= Arcosolium =

Place for burial

| A 4th-century arcosolium in the hypogeum of Via Dino Compagni (Via Latina Catacomb), Rome. The figure of the frescoes is the goddess Tellus, after whom this tomb is named. | The 15th-century arcosolium of the doncel Martín Vázquez de Arce, in the Sigüenza Cathedral, Spain. Like most post-Roman era arcosolia, it is aboveground. |
An arcosolium, plural arcosolia, is an arched recess used as a place of entombment. The word is from Latin arcus, "arch", and solium, "throne" (literally "place of state") or post-classical "sarcophagus".

Early arcosolia were carved out of the living rock in catacombs. In the very earliest of these, the arched recess was cut to ground level. Then a low wall would be built in the front, leaving a trough (the cubiculum, "chamber") in which to place the body. A flat stone slab would then cover the chamber containing the body, thus sealing it. The stone slab occasionally also served as an altar, especially for Christians, who celebrated Mass on them. In the later arcosolia, the arched recess was carved out to about waist height. Then the masons cut downwards to make the chamber into which the corpse would be placed. In effect, the trough was then a sarcophagus with living rock on five of its six faces. As before, a flat stone slab would then seal the cubiculum.

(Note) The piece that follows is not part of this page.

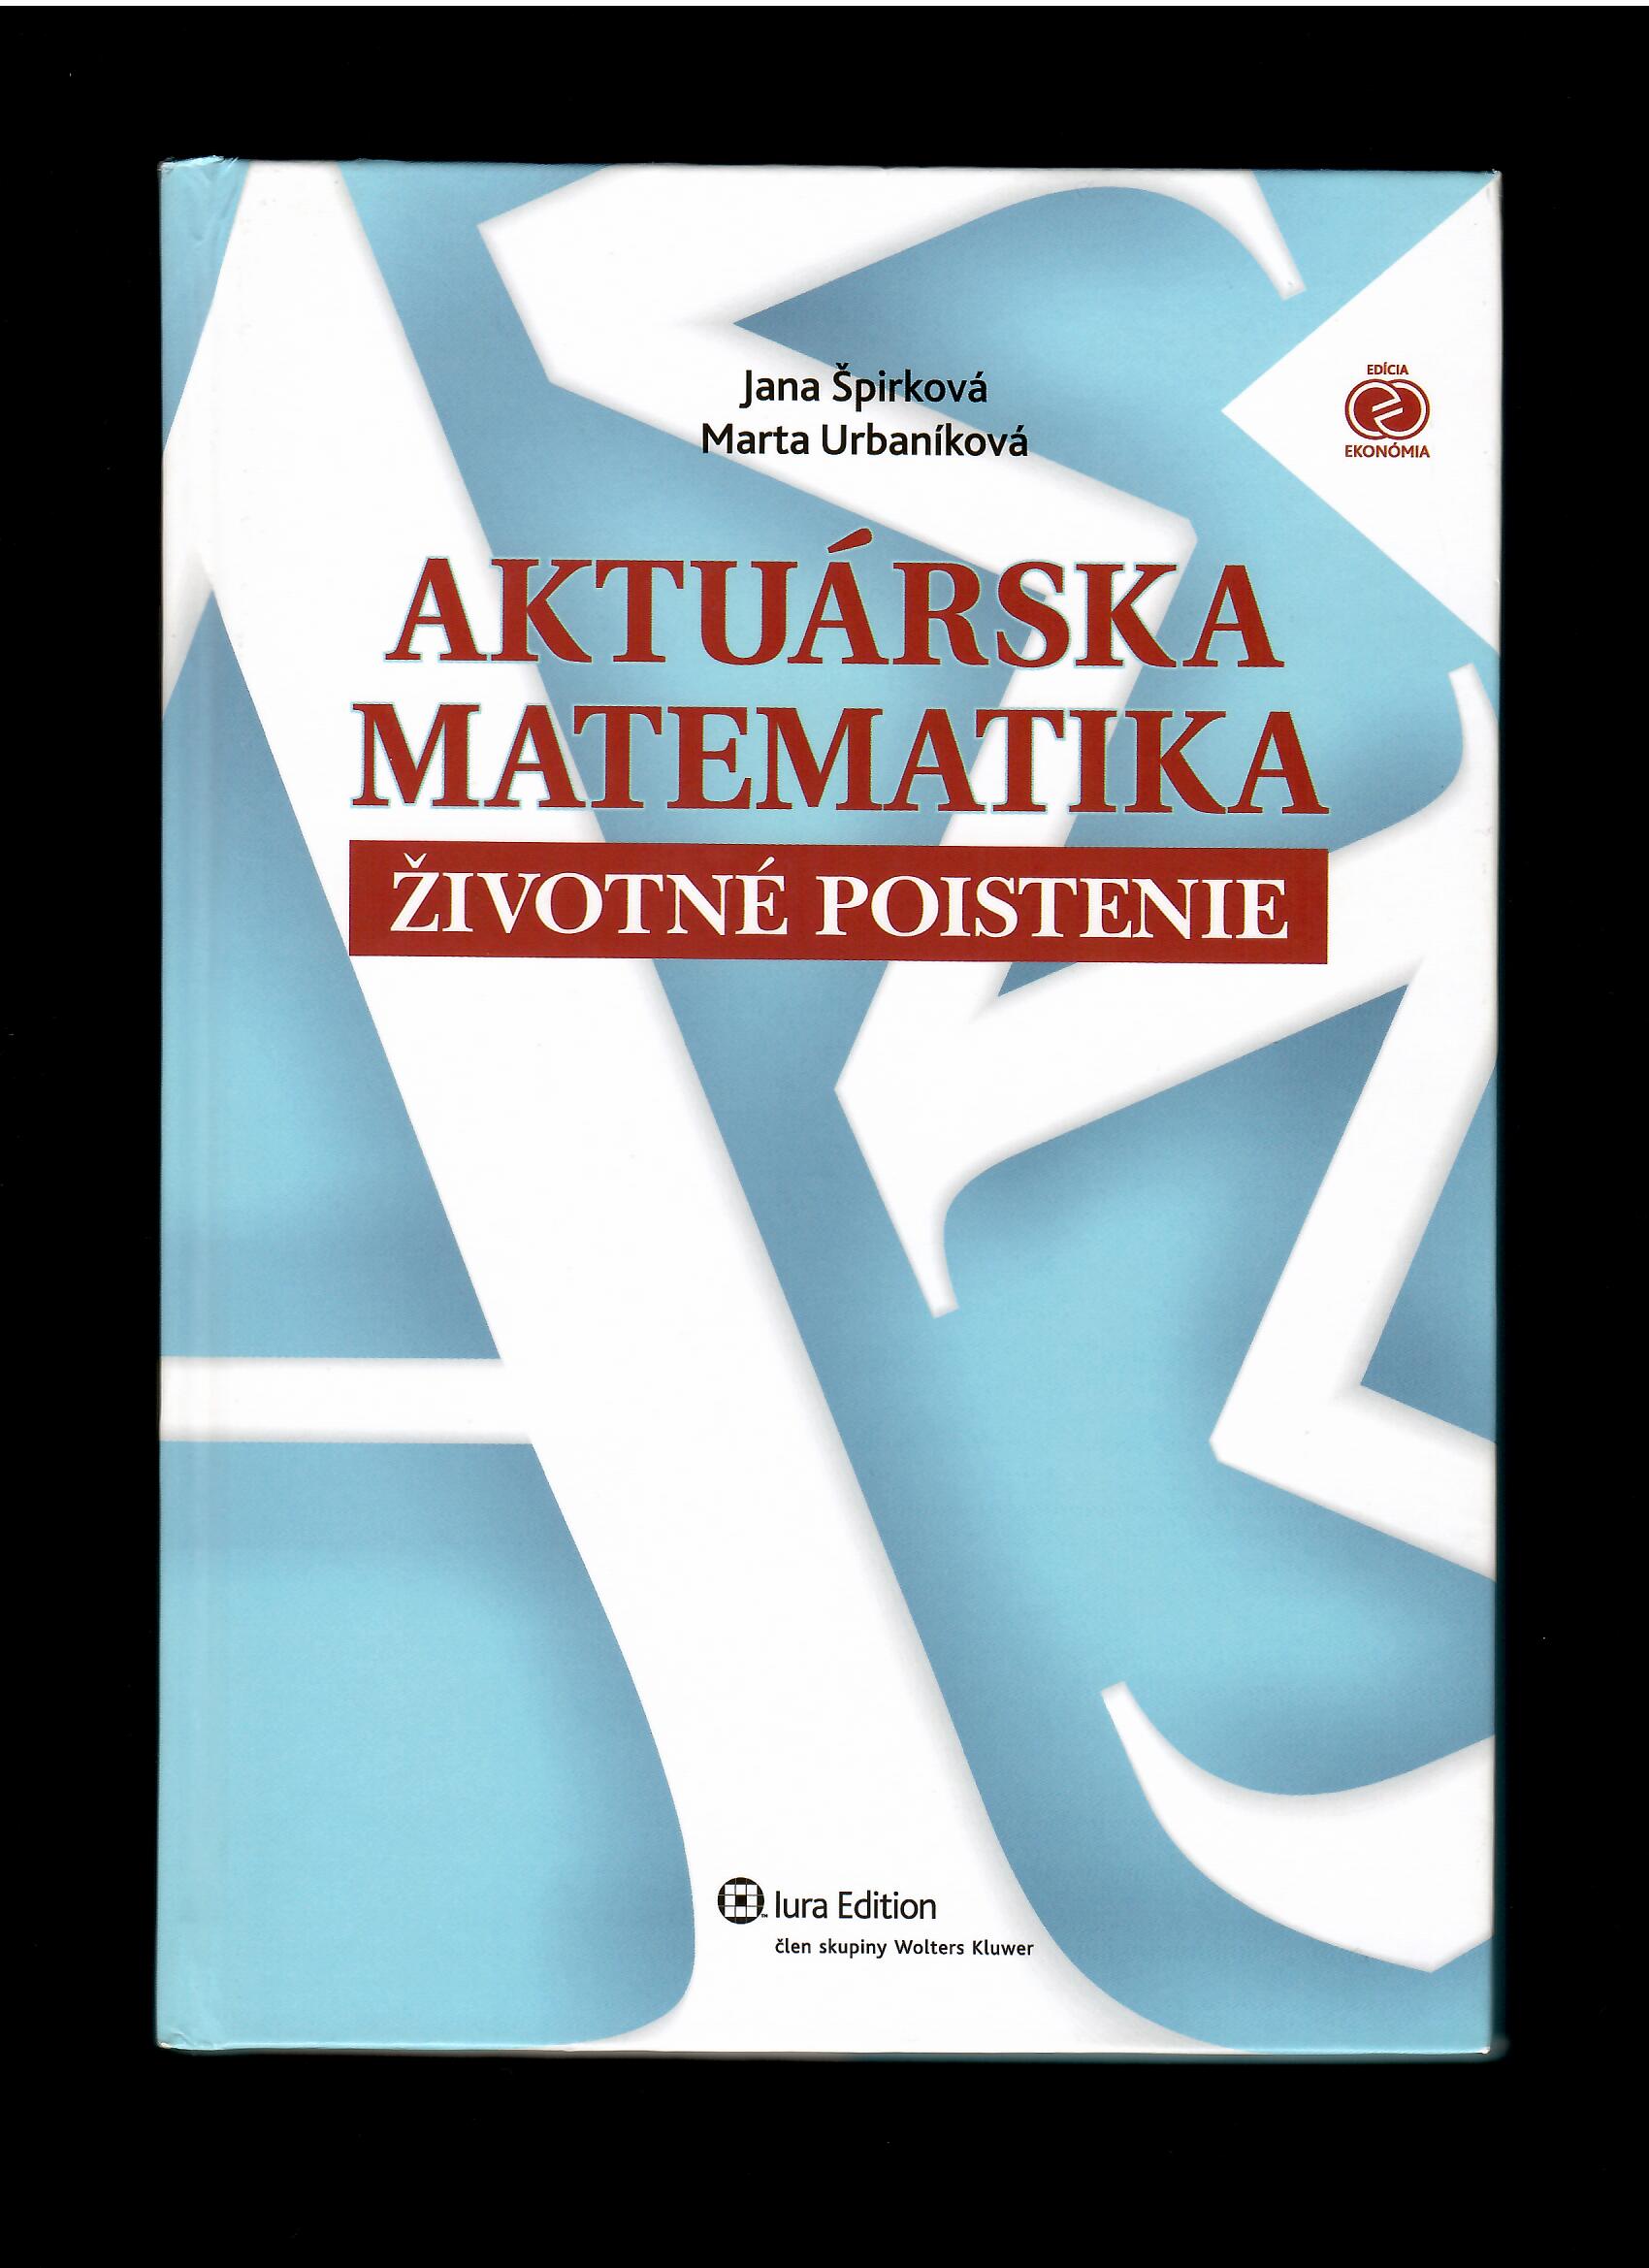 Jana Špirková, Marta Urbaníková: Aktuárska matematika. Životné poistenie

From the 13th century onwards, and continuing into the Renaissance, arcosolia were built above ground, particularly in the walls of churches. In these post-Roman era recesses, which were built of brick and marble, the sarcophagi are usually separate from the arch. These tombs are highly ornamented in the styles of those periods; the Flamboyant Gothic, Plateresque, and High Renaissance styles are all represented.